Pero ello no prueba otra cosa que la naturaleza humana y muy en especial la hispana (la dominante, claro está), está regulada y edulcorada por la contradicción revestida de lo que en otros ámbitos, por ejemplo el Arte, llamamos "contrastes".

Las objeciones a la protesta de los no monárquicos se reparten así y más o menos son del siguiente tenor:
Unos dirán que es una excepción (principio causal que lleva a tener que reconocer que la excepción es casi infinita, pues empieza en la Corona y termina en el último mono parlamentario y en el último funcionario de cualquier institución); otros, que la ley es igual para todos pero todos no somos iguales ante la ley (principio jurídico nacido de la lex romana y pendiente de urgente aclaración); otros, que la continuidad sucesoria que va unida a las monarquías aporta estabilidad (como si la república no cumpliese la mismísima función de estabilidad cuando se trata de sociedades maduras); otros que todos somos lo mismo pero no "igual" (principio castizo que confirma la facilidad con que las cosas graves están sometidas, más que las triviales, a los juegos de palabras). Y así sucesivamente. Y todo para obligarnos a engullir lo que nunca se consultó, ni en plebiscito ni en referéndum.

Y resulta que, encontrándonos en plena revolución en pos de la igualdad de sexos, de salidas de armario, de aversión a lo singular y rechazo de todo lo que se empeña en sobresalir sin mérito alguno, ¡zas! se nos aparece de nuevo la realeza con sus distintas caras, para recordarnos que la igualdad de sexos no rige en la cuestión sucesoria (pues para colmo Felipe es el hermano menor y debiera ser la hermana mayor, por ley natural+ley de equiparación de sexos, la sucesora de la Corona), que tenemos consagrada a la monarquía recién restaurada aquí hace poco más de 25 años, cuando los países europeos que la padecen o disfrutan se están cuestionando desmantelar la suya, y que, por último, la tenemos, en tiempos confusos pero marcadamente neoliberales, como símbolo máximo de la máxima desigualdad entre los hombres. No hay eslógan más acertado, acuñado en tiempos de la oprobiosa, que ese que reza: España es diferente. Pero el caso es que hay dos clases de diferencia: la que comporta la originalidad y la que es simple excentricidad. Y me temo que España, que alberga cerebros, inteligencias y sensibilidades probablemente de mayor peso y en mayor número que cualquier otro país, colectivamente está siempre mucho más cerca de la boutade que de la excelsitud, precisamente por la tenacidad de unos cuantos que a lo largo de la Historia se sienten magnetizados por la necedad y hacen de la necedad la principal institución del país.

Comentaris

Re: El compromiso principesco
07 nov 2003
Un noviazgo mediático
Lisandro Otero
Rebelión


El hijo de los reyes de España se ha comprometido con una plebeya, divorciada y periodista, lo cual ha conmovido a la prensa del corazón. El acto es estimado como un paso hacia la modernidad pues el vástago privilegiado no ha seleccionado a una de las numerosas aristócratas europeas que aún subsisten en Europa, como una demostración de que hay males que sí duran más de cien años.

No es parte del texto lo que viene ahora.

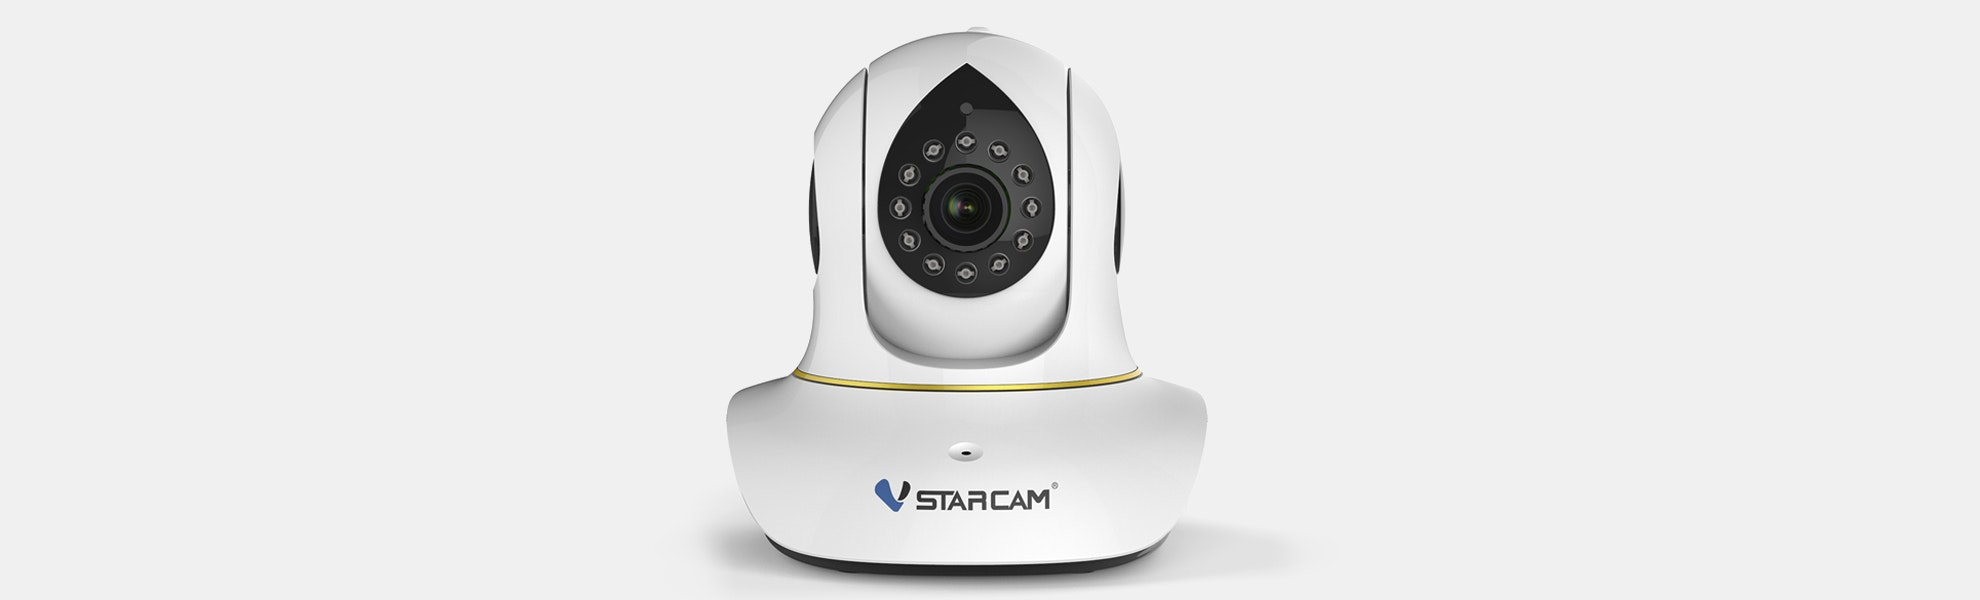 VStarcam C38S 1080p IP Camera

La ceremonia del compromiso ha constituido un desenfreno mediático. La prensa española se desborda en comentarios y la muchacha común que llegó a palacio constituye el sueño realizado de modistillas, oficinistas, criaditas y adolescentes ociosas. Todas ven en este noviazgo la posibilidad dada a un ser humano de salir de sus miserias, de su mediocridad cotidiana o de su aburrimiento social mediante un golpe de azar que la haga encontrar el príncipe encantador. Es el cuento de la Cenicienta narrado de otra manera. Es la historia de la Bella Durmiente repetida. Evidentemente los adultos se resisten a serlo y abandonar la inocencia infantil donde disfrutaron de todas las inmunidades y prerrogativas de la ingenuidad.

En sus recuerdos el ex subdirector de la CIA Vernon Walters rememora que visitó a Franco por encargo de Nixon para indagar el grado de firmeza del régimen español que permitiría una transición sin sobresaltos tras la muerte de Franco. El dictador español le respondió que todo seguiría igual porque él había creado algo que no existía cuando tomó el poder. Walter pensó que iba a mencionar al ejército y la respuesta de Franco le sorprendió: la clase media española.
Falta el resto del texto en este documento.